Wolfgang Hilliger was the son of Martin Hilliger and took over the bell foundry from him in 1544, initially together with his brother Oswald II (1518–1546). After casting the Luther plaque for the castle church of Schloss Hartenfels in 1545 together with Wolfgang, Oswald became a gun foundry for Duke Philip I of Pomerania in Stettin . Wolfgang continued the foundry in Freiberg alone. He was one of the richest and most respected citizens of his city. He was councilor in 1546, city judge in 1556 and from 1557 ruling mayor of the city of Freiberg several times. He was the first of the family to work permanently in Dresden for a time. From 1567 he also headed the foundry of the armory , which is remembered in the Dresden Fortress Museum . One of his bells can still be found in Leipzig's St.

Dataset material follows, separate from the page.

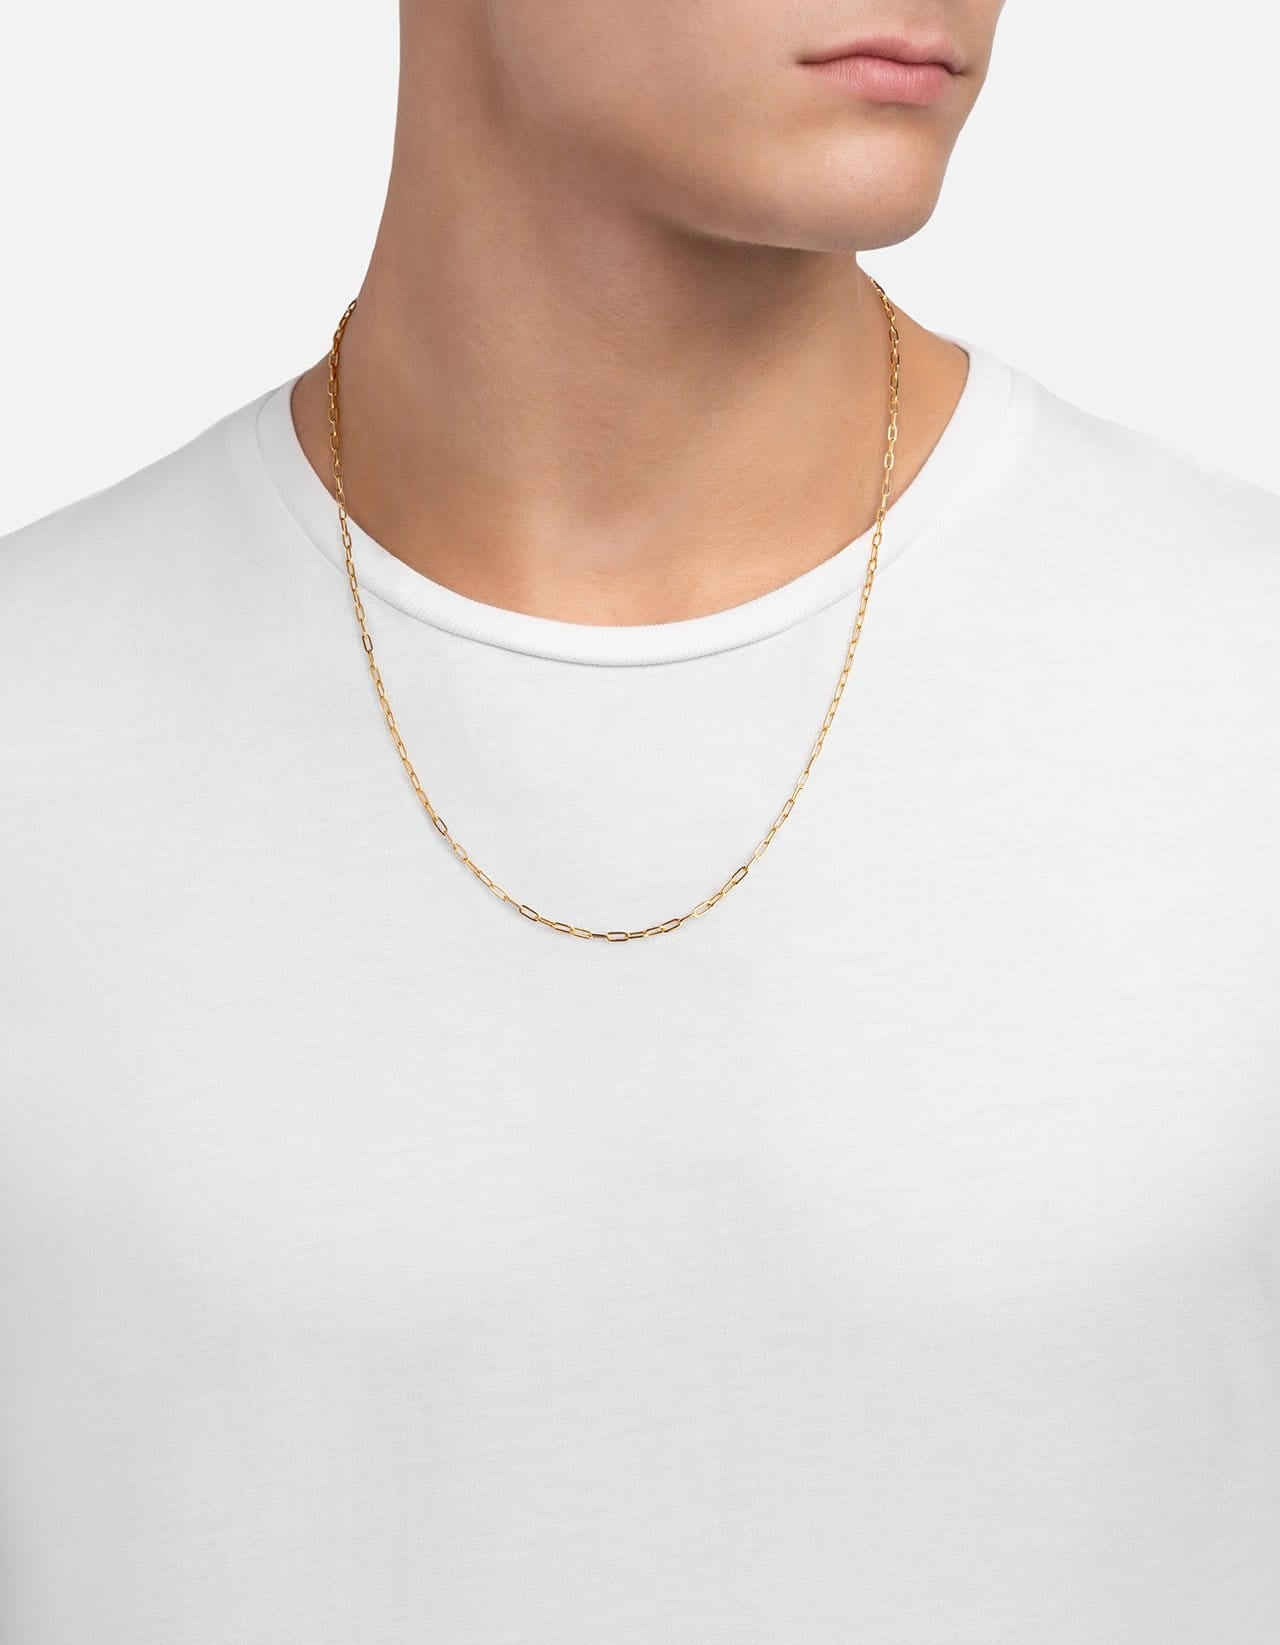 Volt Link Annex Clasp Necklace, Gold Vermeil, Men's Necklaces

Thomas Church . His most important work is the epitaph for the Pomeranian Duke Philip I, which is located together with his sarcophagus in the St. Petri Church in Wolgast . A medallion depicting a bear in the lower area of ​​the brass plate bears the inscription "Wolff Hilger czu Freiberg gos mich." His sons Martin II , Wolfgang II and Paul also learned the foundry trade. The legal scholar Oswald Hilliger was his grandson.

Other works

Bells

Reliefs and tombstones

Guns

  • Veste Coburg : a six pounder
  • Drawings of his guns in the Codex Artilleri in Dresden

Others

  • 1562 Collaboration in the manufacture of the clockwork in the Seiger tower of Stolpen Castle

literature

Individual evidence

  1. a b Hilliger (bell and gun foundry family) . In: Hans Vollmer (Hrsg.): General lexicon of fine artists from antiquity to the present . Founded by Ulrich Thieme and Felix Becker . tape 17 : Heubel – Hubard . EA Seemann, Leipzig 1924, p. 100 .
  2. ^ Norbert Buske, Sabine Bock: Wolgast. Ducal residence and castle. Churches and chapels. Port and city. Thomas Helms, Schwerin 1995, ISBN 3-931185-05-2 , pp. 47-51.